The Zero Emission Ferry project, which involves Rolls-Royce, Color Line, Norled and the Norwegian Coastal Administration, wants to develop a commercially attractive electrical system that provides efficient power output and stable operations, is cheap to run, easier to integrate and has a lower environmental impact.

“This project is completely in line with our environmental strategy, in which the electrification of the fleet plays a key role,” said Johann Martinussen, superintendent automation & control, Color Line.

“We want to exploit the energy on board more efficiently, reduce the operating time for our onboard machine park and ensure that we cover a larger proportion of our energy consumption from ‘green’ onshore power rather than fossil fuels.”

Environmental ambitions

The four partners aim to achieve this by investigating new ways of combining systems for energy storage, energy management, onboard energy distribution and recharging.

Work is already well underway, and the two ferry operators have specific goals with regard to the outcome.

The Marine division of Rolls-Royce is the consortium’s technology partner and will provide both financial and manpower.
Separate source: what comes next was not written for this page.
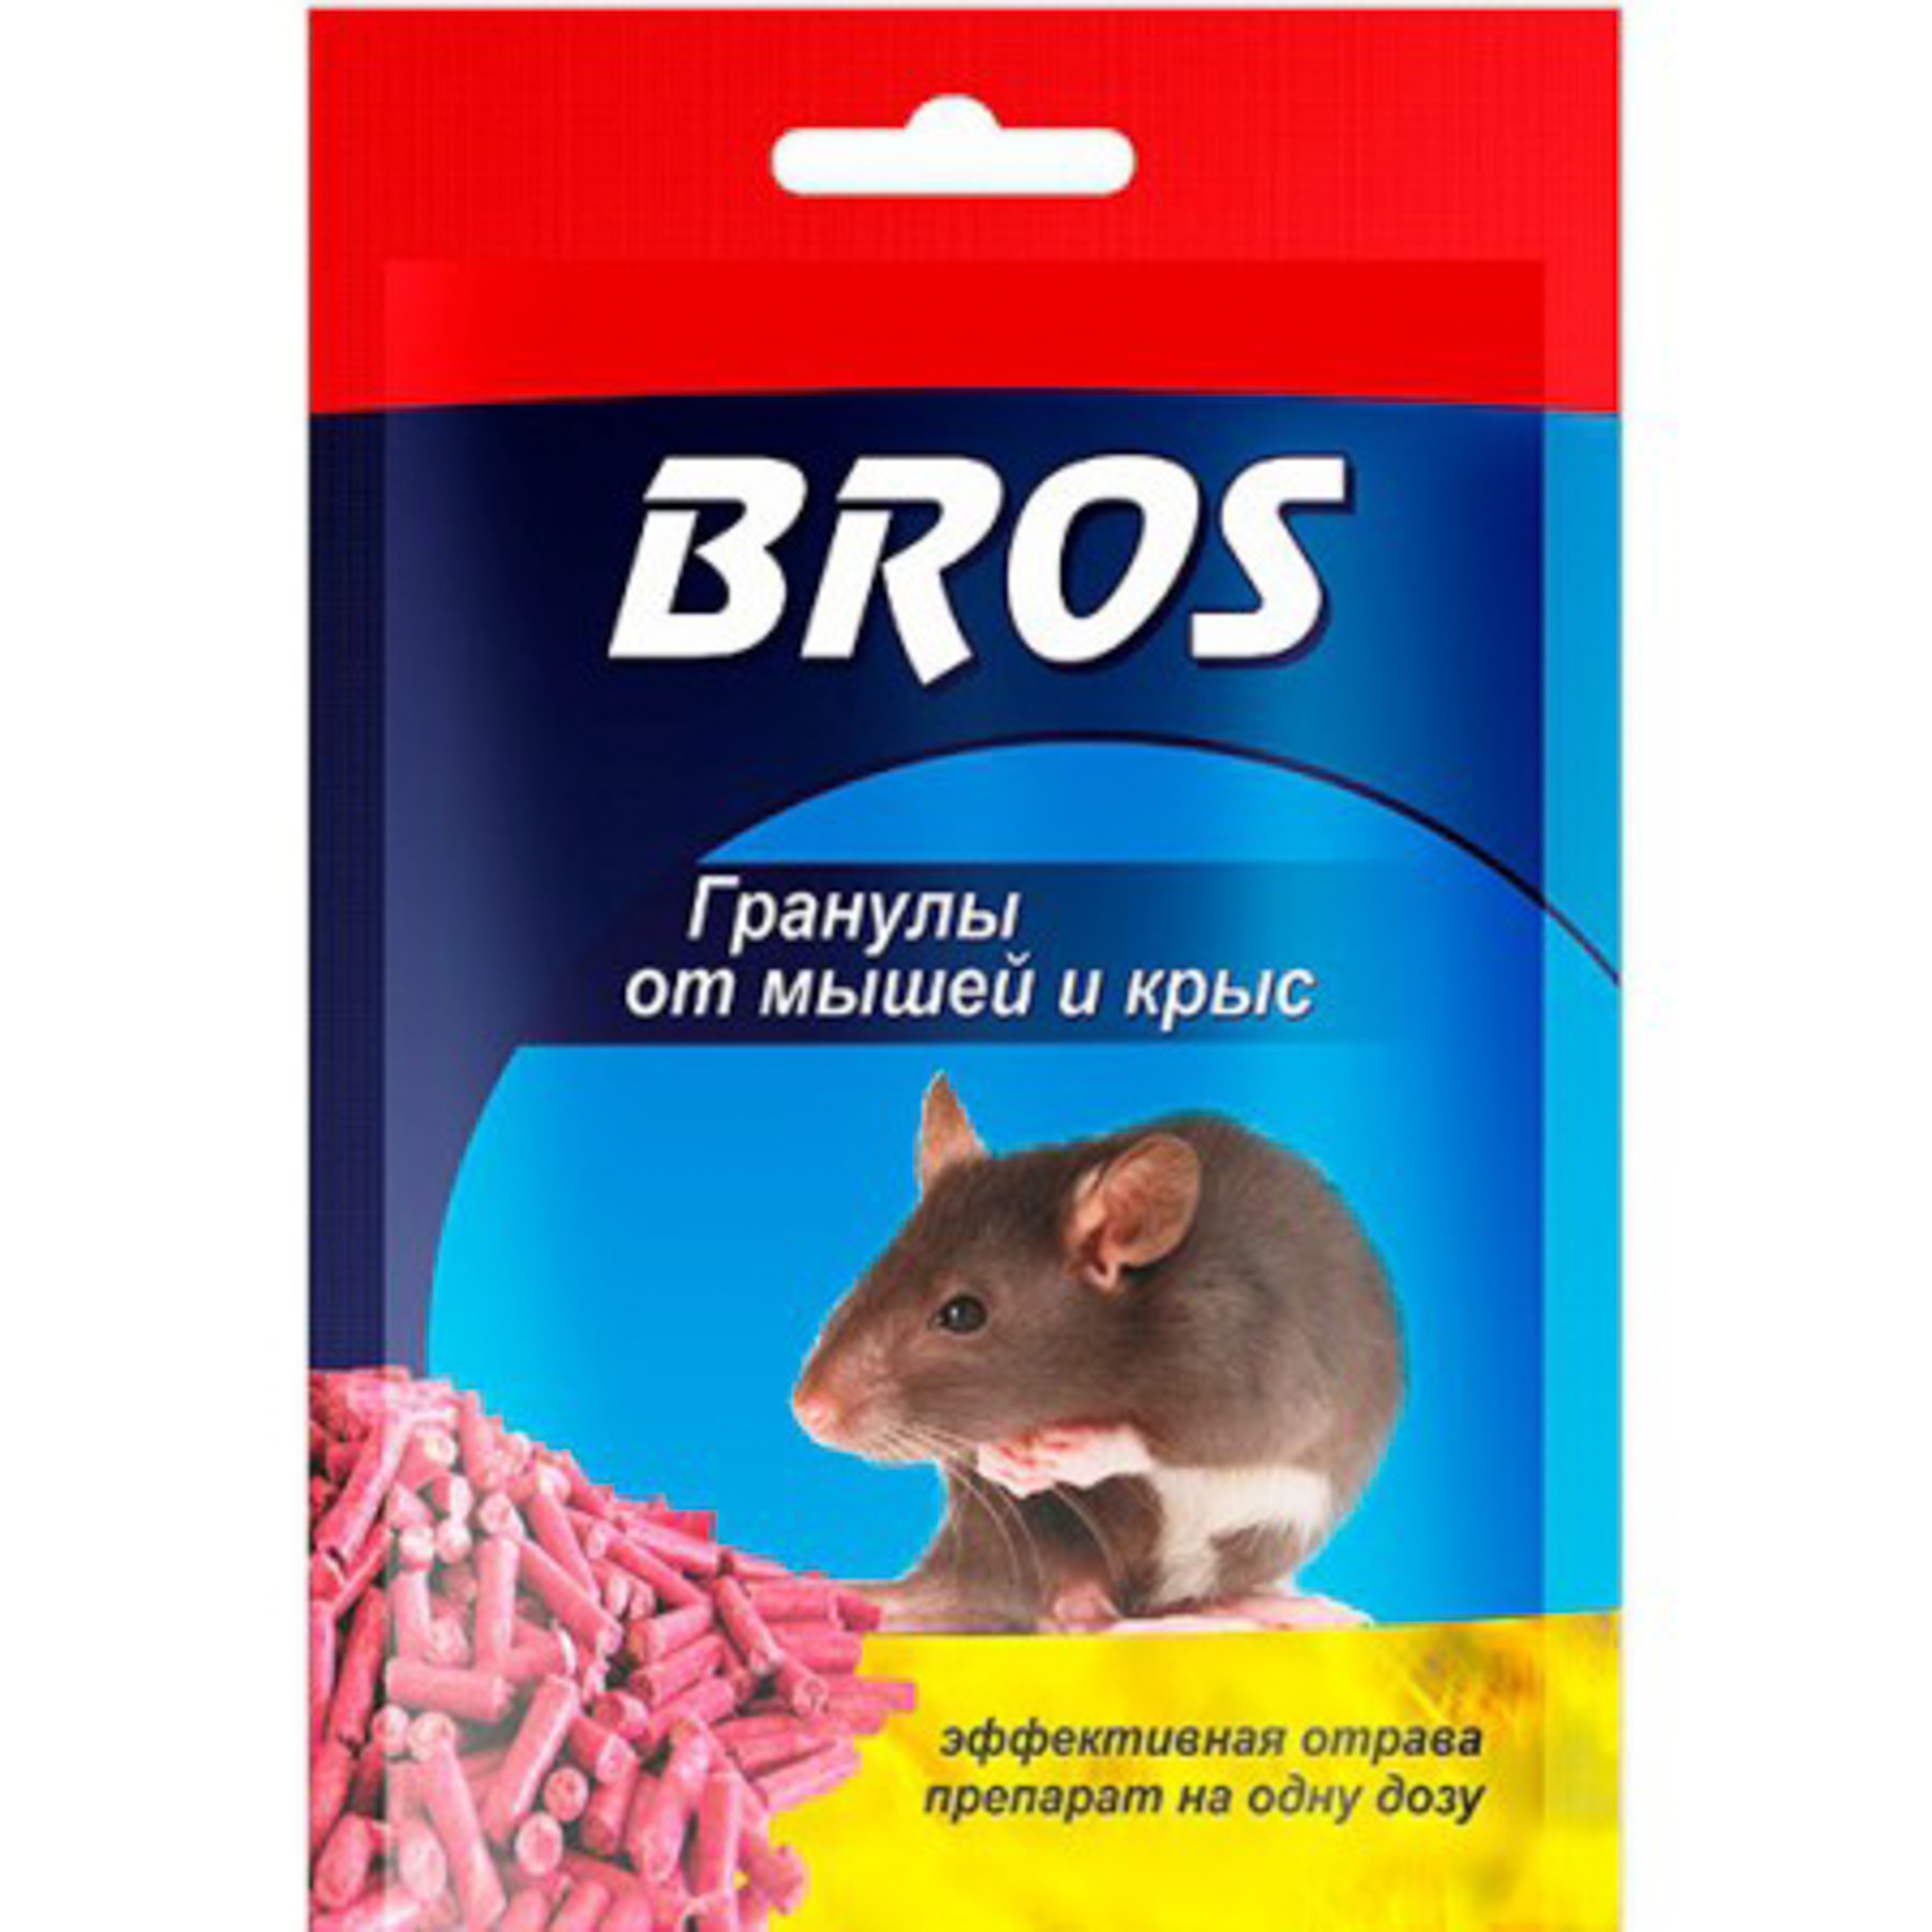 Гранулы BROS от крыс и мышей в пакетике 90 г гранулы от грызунов грызунофф

“The aim is for the entire system or its component parts to be capable of use on both short-haul car ferries and big cruise ferries,” said Sigurd Øvrebø, general manager product electric and power at Rolls-Royce Marine.

“Norway is far out in front with regard to green shipping and we see an international export potential for these kinds of systems.”

This new project has received a NOK 5.9 million grant from the Research Council of Norway’s ENERGIX programme.

The ENERGIX programme demands practical results in return for its support and the objective is to follow-up this two-year research programme with three full-scale installations.